**DATA:**

■ ■ ■ ■

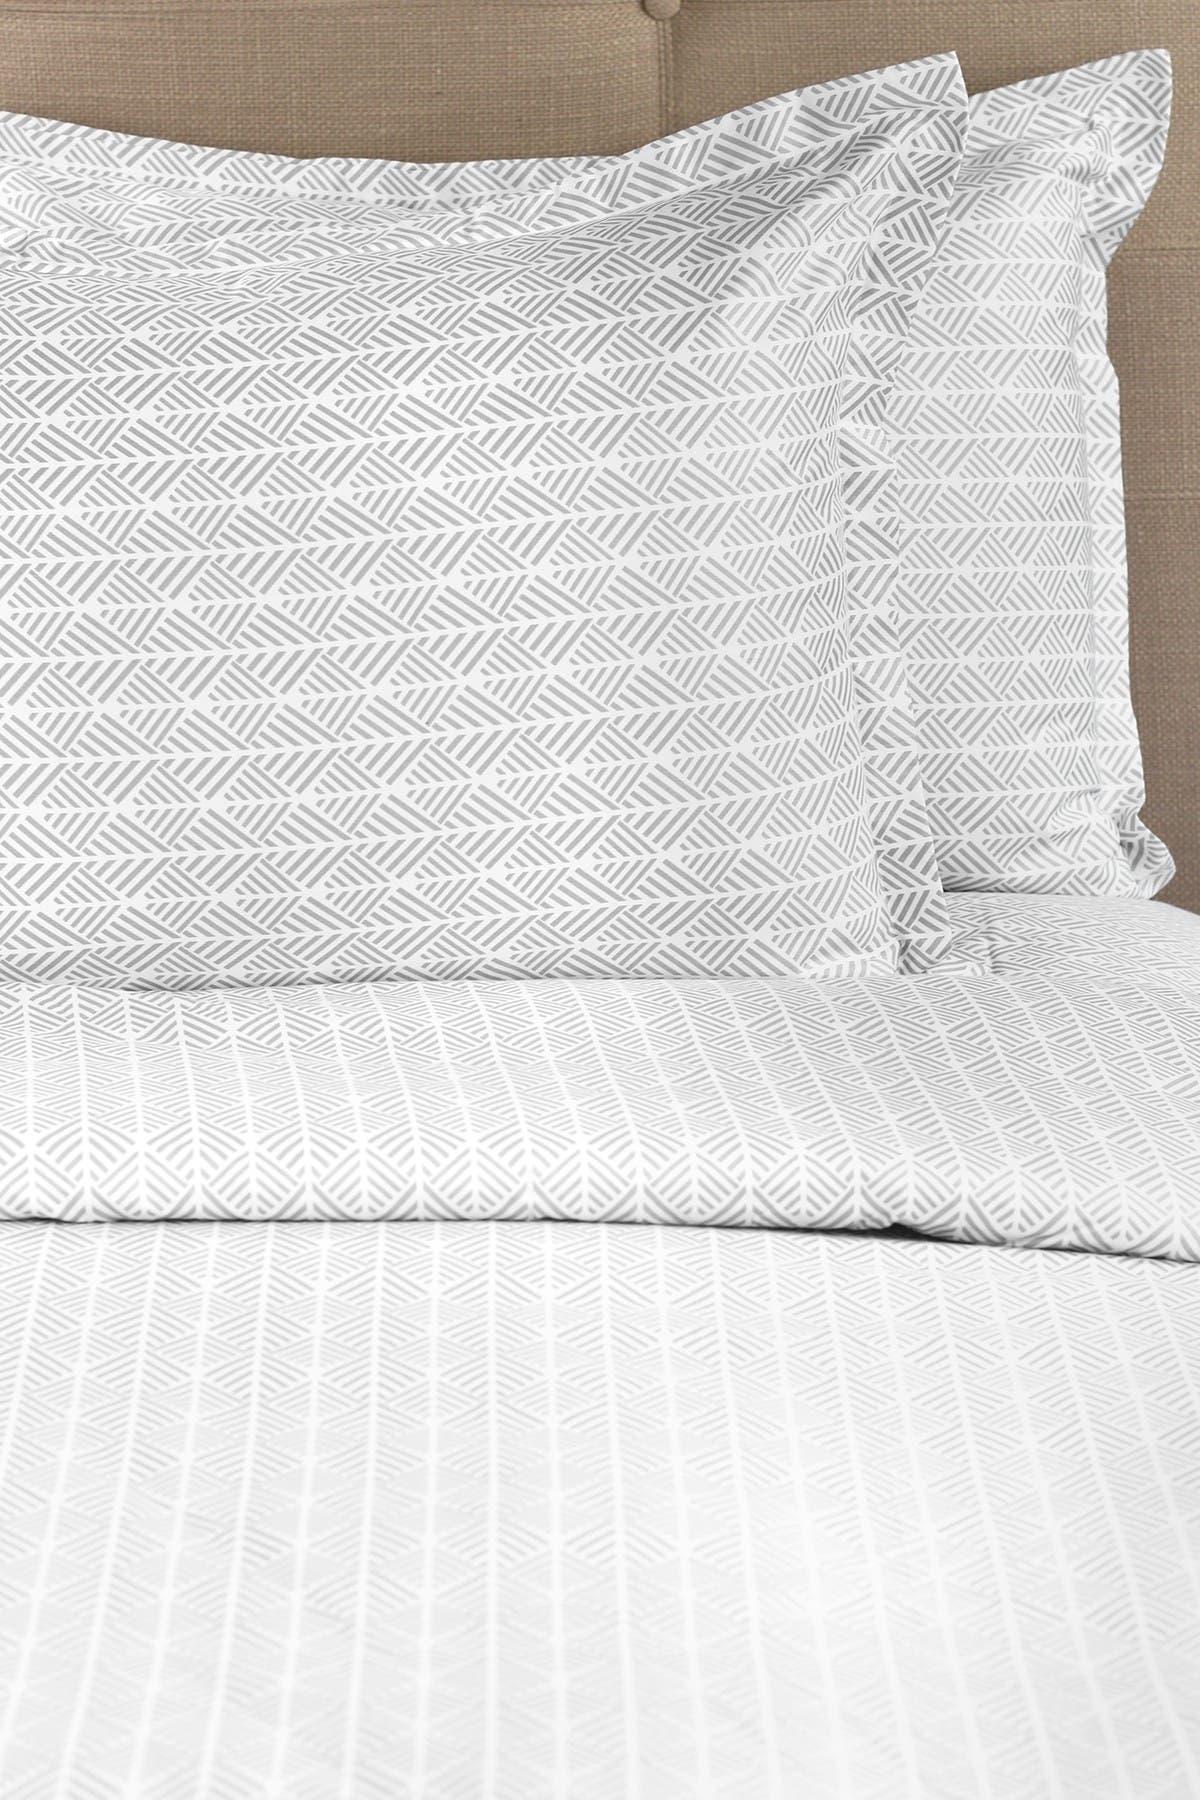 Image of Melange Home Full/Queen 400 Thread Count Cotton Arrow Duvet Set - Grey
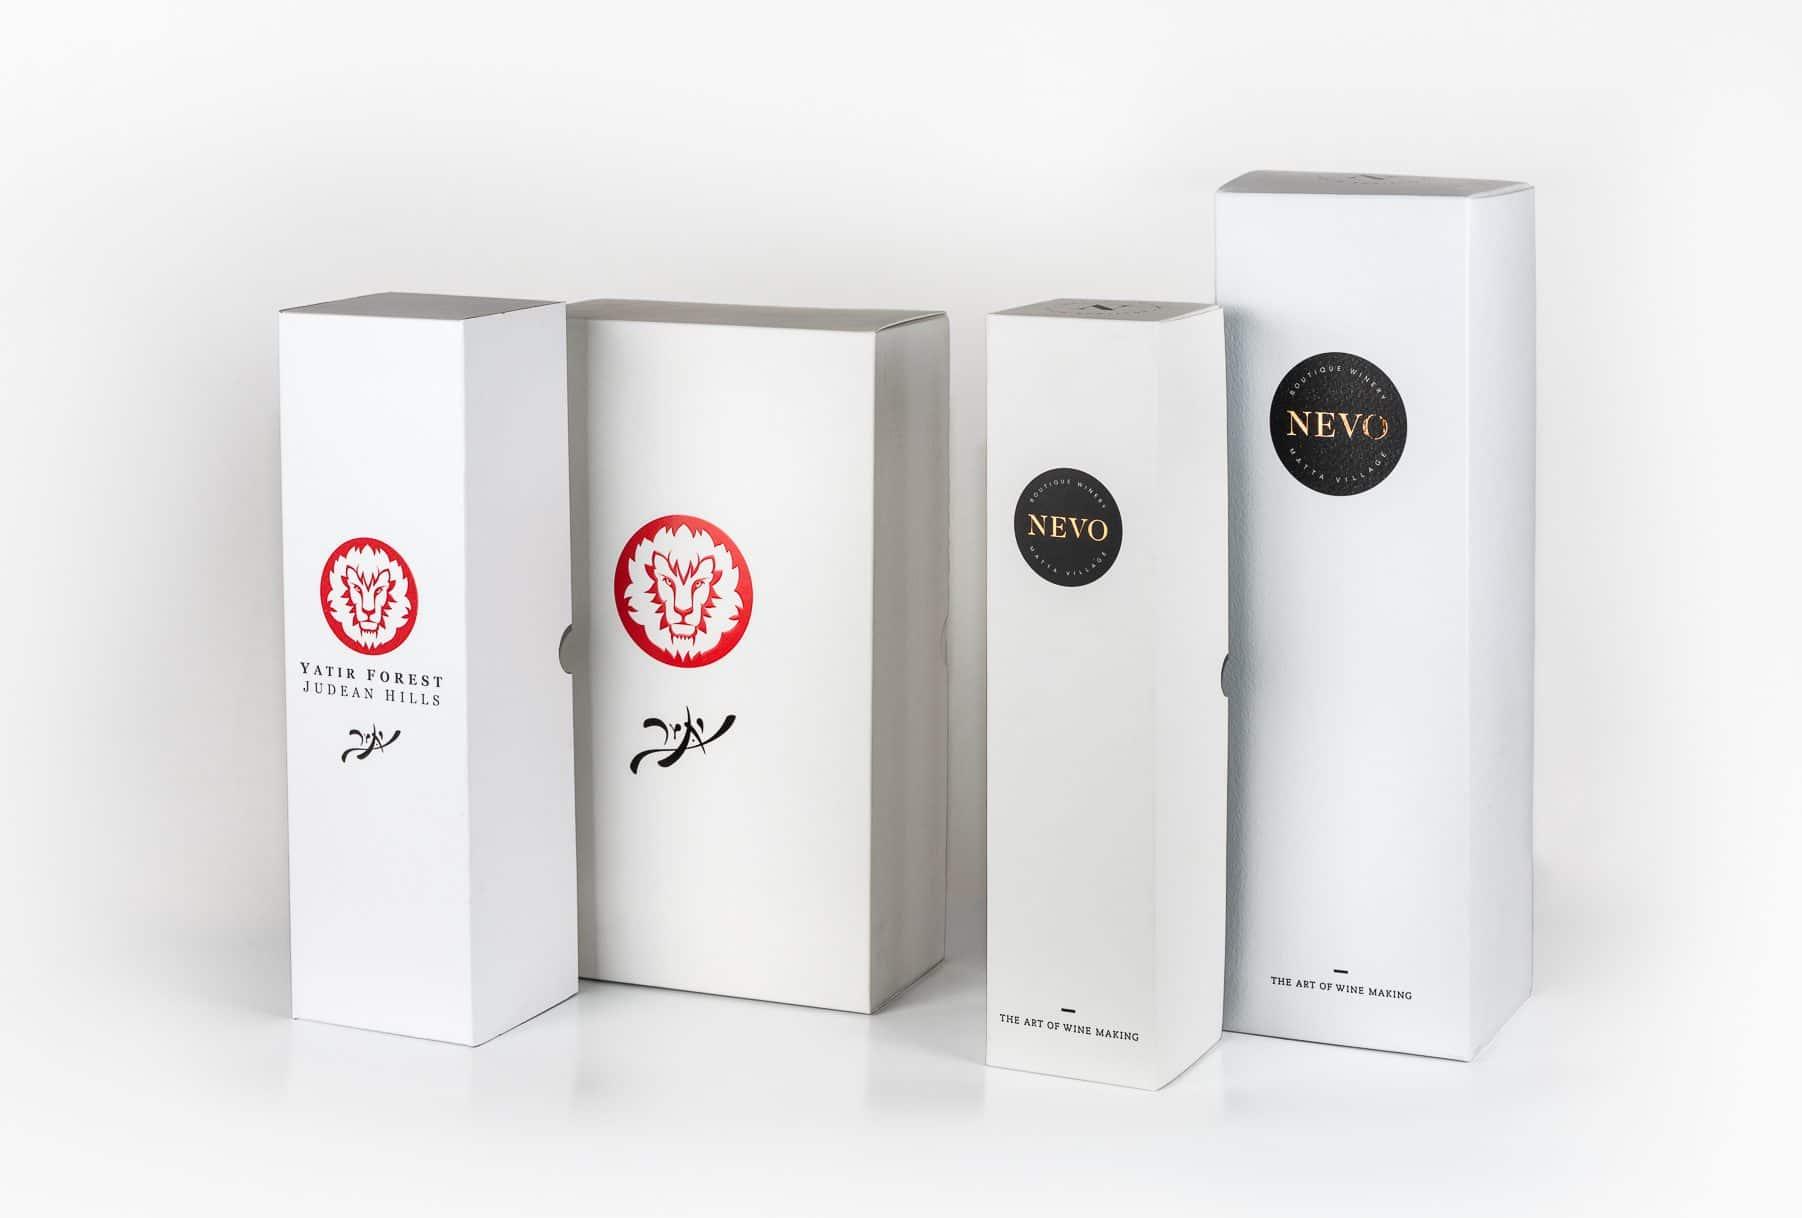 מארזים לבקבוקי יין של יקב נבו ויקב יתיר. האריזות בצבע לבן קלאסית עם לוגו של היקב. השבחות דפוס שהשתמשנו בתהליך ההדפסה: הבלטה והטבעת פוייל (חום)
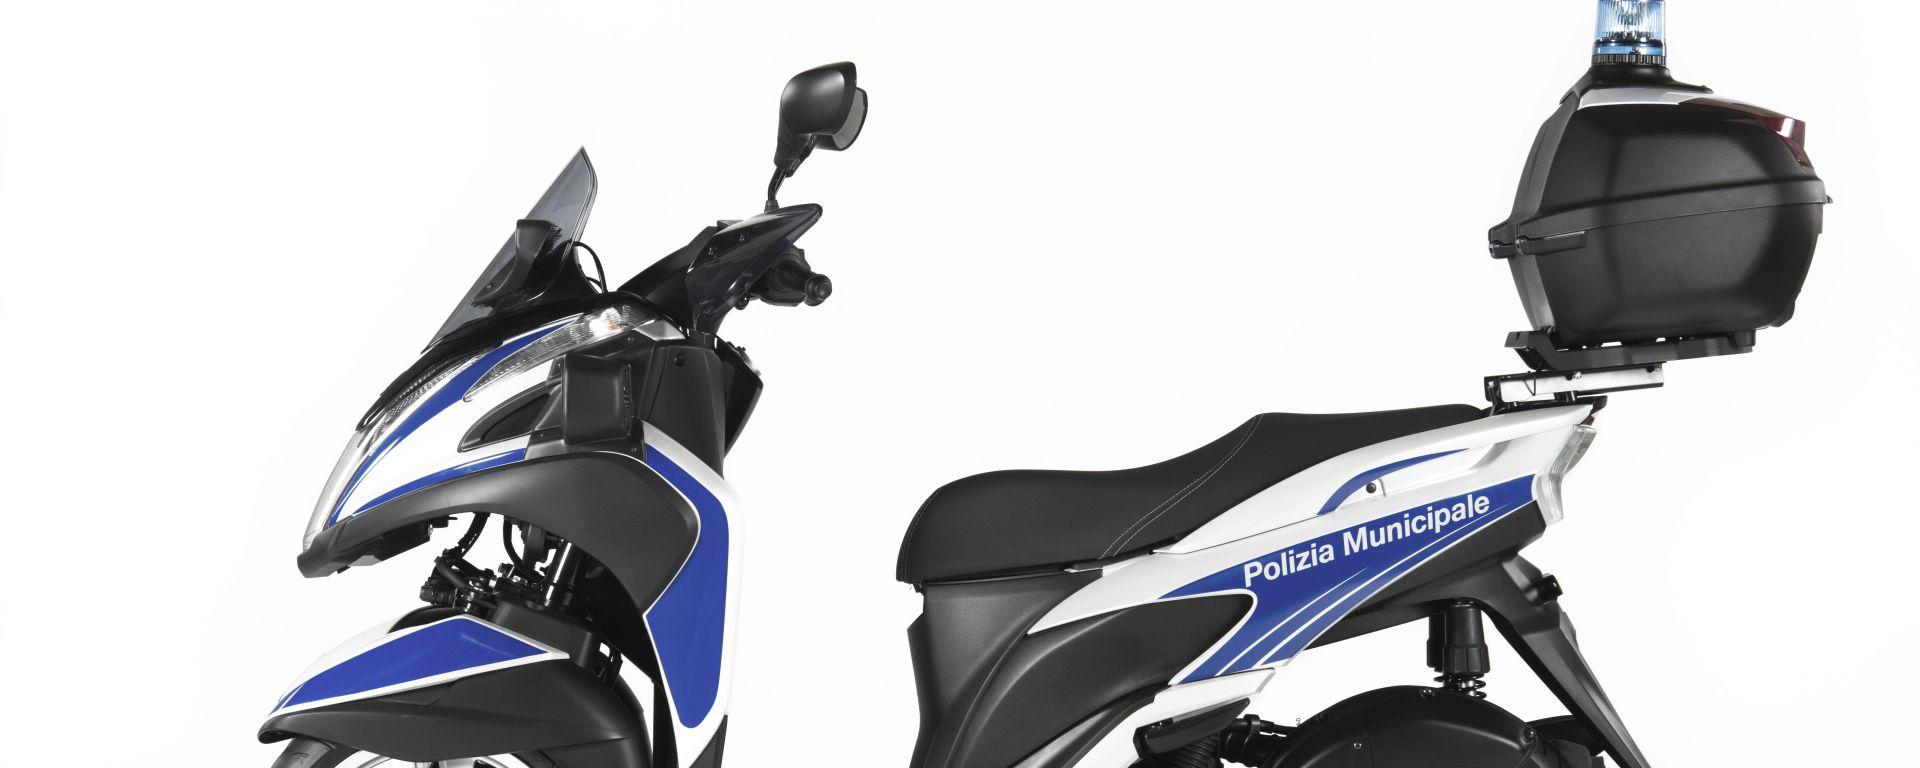 Yamaha Tricity 125 Police, il tre ruote per la Polizia

■ ■ ■ ■

**THE TASK:**
Return the listing above verbatim and exclude every picture.

**YOUR RESPONSE:**
 Image of Melange Home Full/Queen 400 Thread Count Cotton Arrow Duvet Set - Grey
 מארזים לבקבוקי יין של יקב נבו ויקב יתיר. האריזות בצבע לבן קלאסית עם לוגו של היקב. השבחות דפוס שהשתמשנו בתהליך ההדפסה: הבלטה והטבעת פוייל (חום)
 Yamaha Tricity 125 Police, il tre ruote per la Polizia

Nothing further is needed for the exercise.